Forum Discussion
Solved
Windows AD account password expired but user can still send/receive email and use Teams
Hi.
I recently discovered that some users with expired AD passwords are still working as if nothing has changed, which caught me by surprise. All the users affected do not use the VPN on a regular basis, or sign into Office 365. They all use desktop office for their email (Outlook) and chats (Teams). We are all still working from home.
It appears as if a user is only challenged to update their expired password once they physically authenticate against the domain controller(s). But what if they never do? This means a user with an expired password will continue to send/receive emails and send chats in Teams regardless of when their password expired, unless they perform some form of "logon".
I ran a PowerShell script to elucidate more and found that we have dozens of users in this boat. Some users have passwords that expired YEARS ago!
Is this by design? In that the password expiration attribute is pointless until said account actively connects or authenticates to the domain? Why is the "expiration" attribute not part of the user SID? I'm baffled.
We have on premise domain controllers which syncs out to Office 365 via ADSync and this is syncing fine with no errors, including password sync.
Any help appreciated.
- Hello Fnanfne
Please have a look at the article below
https://docs.microsoft.com/en-us/azure/active-directory/hybrid/how-to-connect-password-hash-synchronization#enforcecloudpasswordpolicyforpasswordsyncedusers
https://docs.microsoft.com/en-us/answers/questions/721416/password-expiration-with-aad-connect-password-hash.html
https://techcommunity.microsoft.com/t5/office-365/password-expiration-with-aad-connect-password-hash-sync/m-p/329248
Cheers
- Hello Fnanfne
Please have a look at the article below
https://docs.microsoft.com/en-us/azure/active-directory/hybrid/how-to-connect-password-hash-synchronization#enforcecloudpasswordpolicyforpasswordsyncedusers
https://docs.microsoft.com/en-us/answers/questions/721416/password-expiration-with-aad-connect-password-hash.html
https://techcommunity.microsoft.com/t5/office-365/password-expiration-with-aad-connect-password-hash-sync/m-p/329248
CheersEmekaNgene Thank you! This is the exact information I needed, appreciated!
"If a user is in the scope of password hash synchronization, by default the cloud account password is set to Never Expire."

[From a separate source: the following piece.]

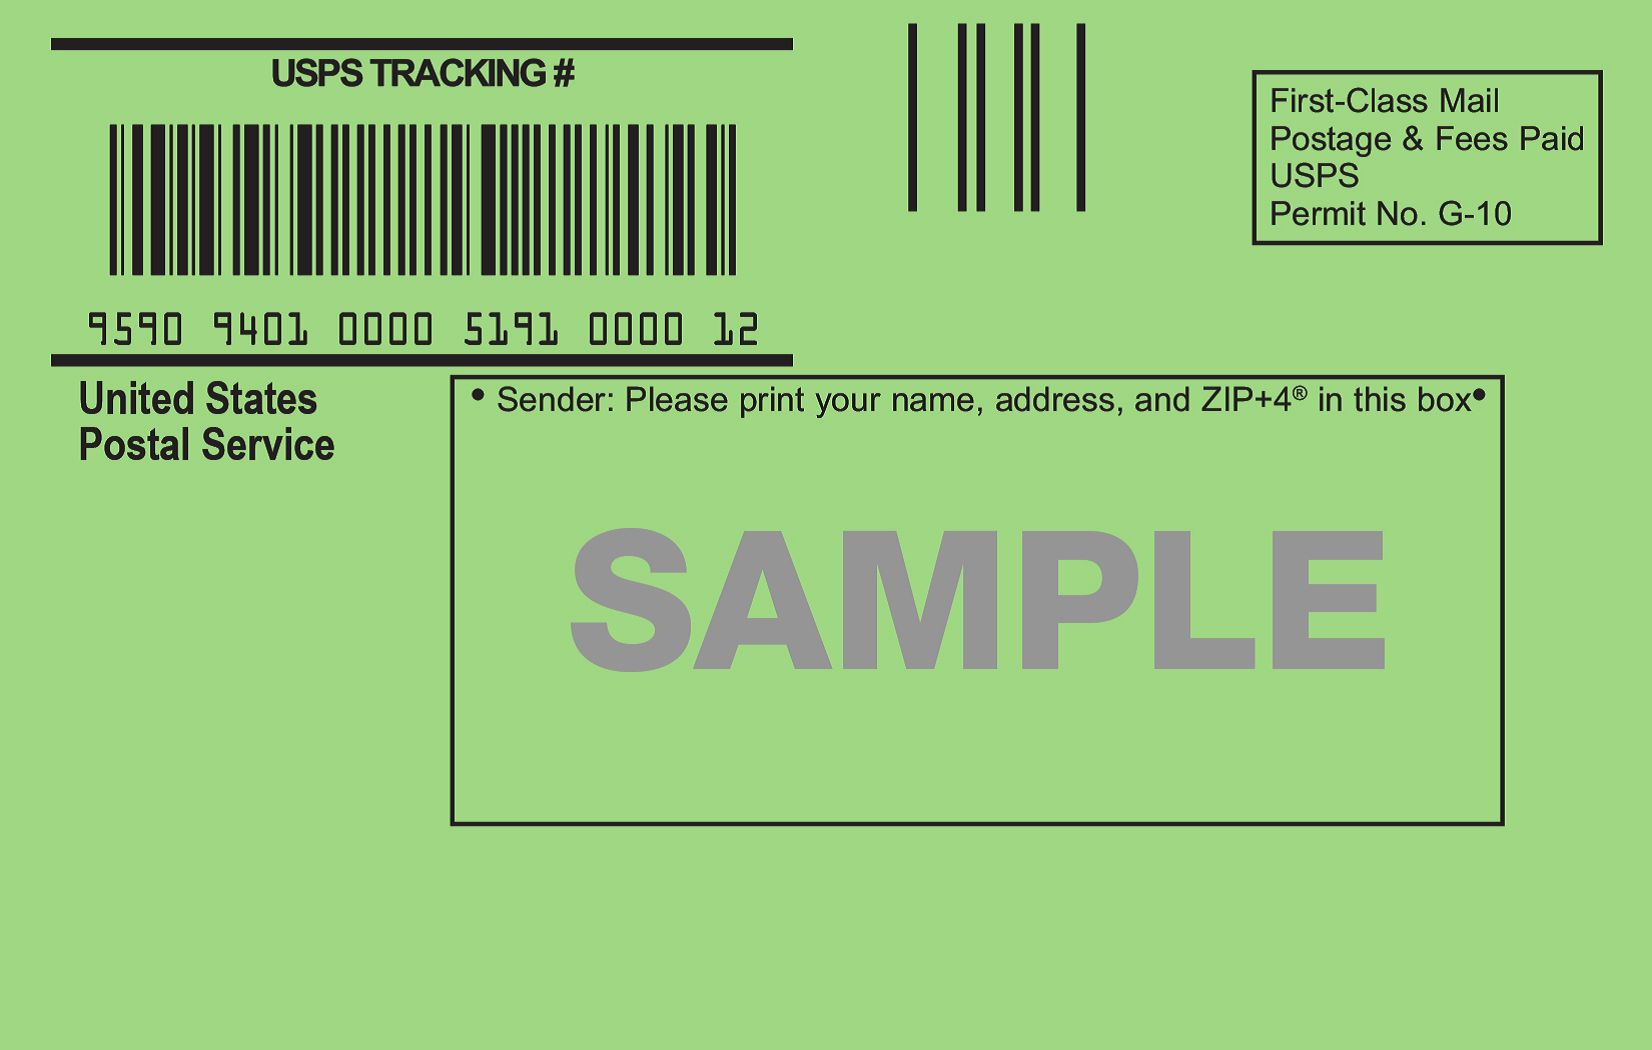 certified mail receipt tracking number

So this is indeed by design but it makes no sense to me, why make this the default behaviour? I see no rationale being given. It's almost like having a car with no engine, like what is the point? I'm upset with myself for assuming the contrary but happy to now be in the know, thanks again.
I did see the Note reading "The Set-MsolPasswordPolicy PowerShell command will not work on federated domains." so that will be my next hurdle to jump over before attempting to change this horrid default setting.